Vaishampayan Discusses PFS Benefit With Lenvatinib/Pembrolizumab in RCC

Ulka Vaishampayan, MBBS

Professor of Internal Medicine

Director, Phase I Program

Rogel Cancer Center, University of Michigan

Ann Arbor, Michigan

During a live virtual event, Ulka Vaishampayan, MBBS, discussed the results of the CLEAR trial of lenvatinib and pembrolizumab compared with sunitinib in first-line treatment of advanced RCC.

Targeted Oncology^TM: What qualities of lenvatinib (Lenvima) led to its use in the CLEAR trial (NCT02811861) as a first-line therapy for renal clear cell carcinoma (RCC)?

VAISHAMPAYAN: The combination of lenvatinib and pembrolizumab [Keytruda] is the latest combination that we have to use in this setting. Lenvatinib, I must say, is a pretty remarkable multitargeted tyrosine kinase inhibitor. It targets not just VEGF, but also it has FGFR inhibitor activity, which is somewhat unique as compared with the other VEGF inhibitors. Axitinib [Inlyta] is a pure VEGF inhibitor, and then cabozantinib [Cabometyx] has MET and AXL inhibitory activity. There is sensitization and synergistic effects with each of these in the preclinical setting when given along with immunotherapy of a PD-1 and PD-L1 inhibitor.

Could you describe the design of the CLEAR trial?
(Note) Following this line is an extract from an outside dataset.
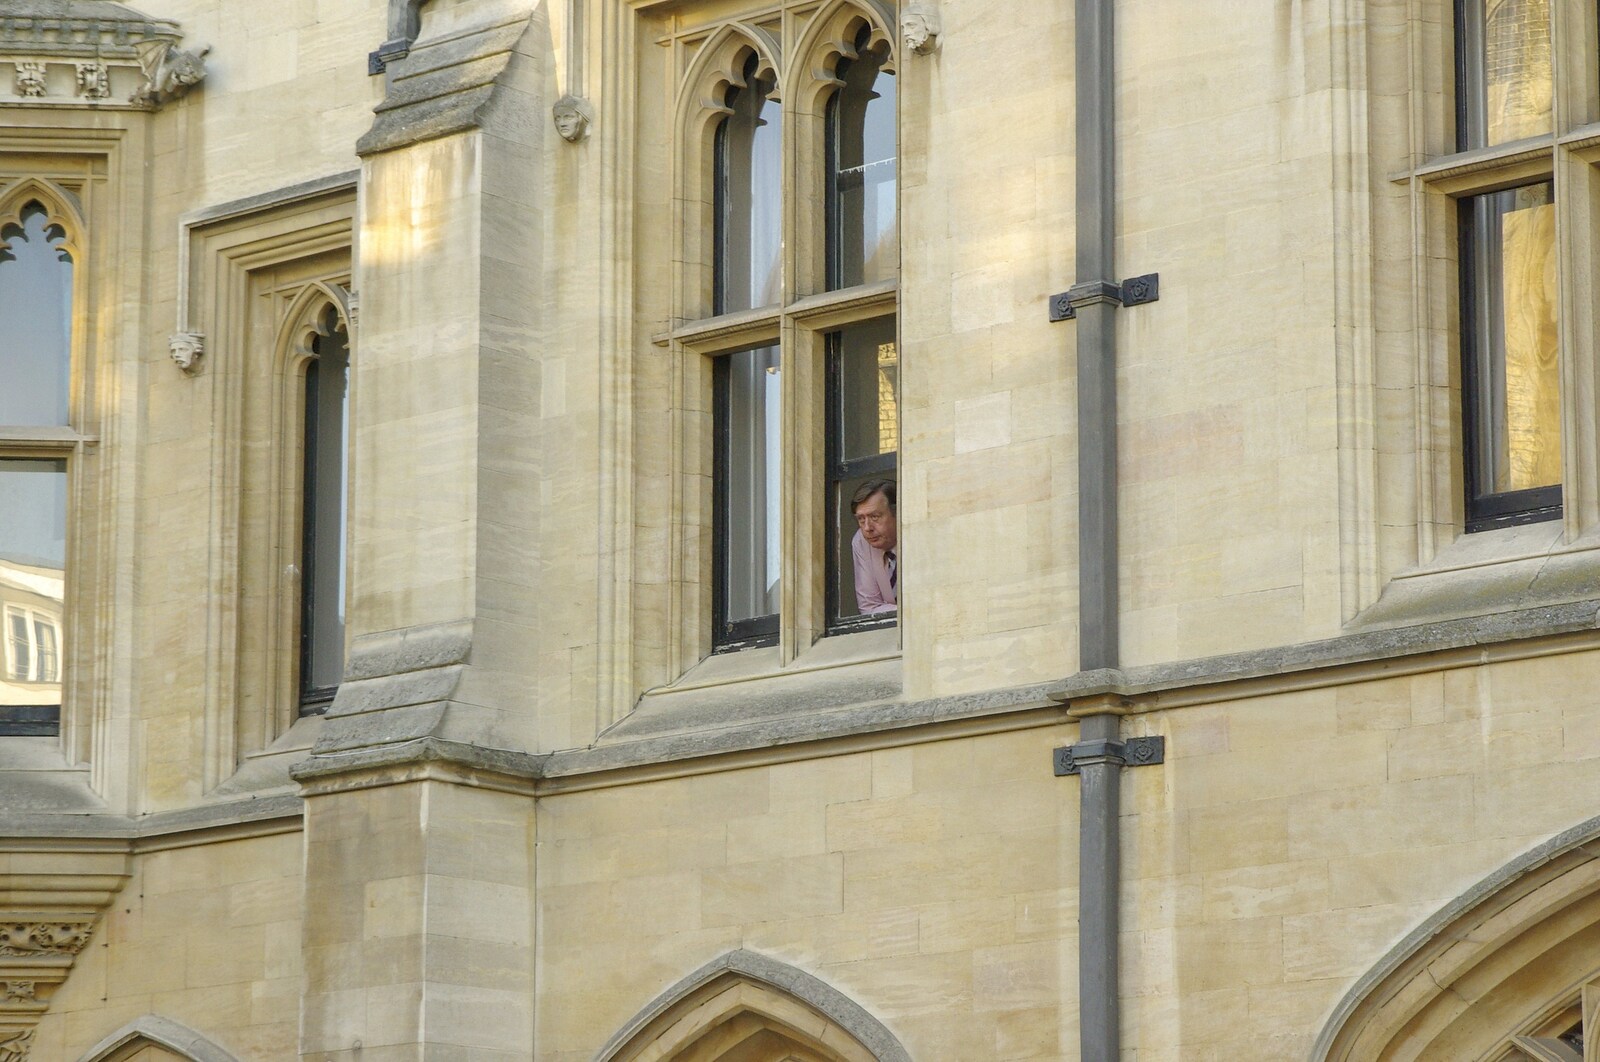 A Brief Time in History: Stephen Hawking and the Corpus Christi Clock, Benet Street, Cambridge - 19th September 2008: Some college dude peers out from his study window

The study compared front line lenvatinib/pembrolizumab or lenvatinib/everolimus [Afinitor] with sunitinib [Sutent]. Sunitinib was the control arm, and each of these regimens were compared with the control arm of sunitinib. The primary end point in this study is progression-free survival [PFS], and secondary end points included overall survival [OS], response rates, safety, and quality of life. The duration of response and biomarkers were exploratory end points.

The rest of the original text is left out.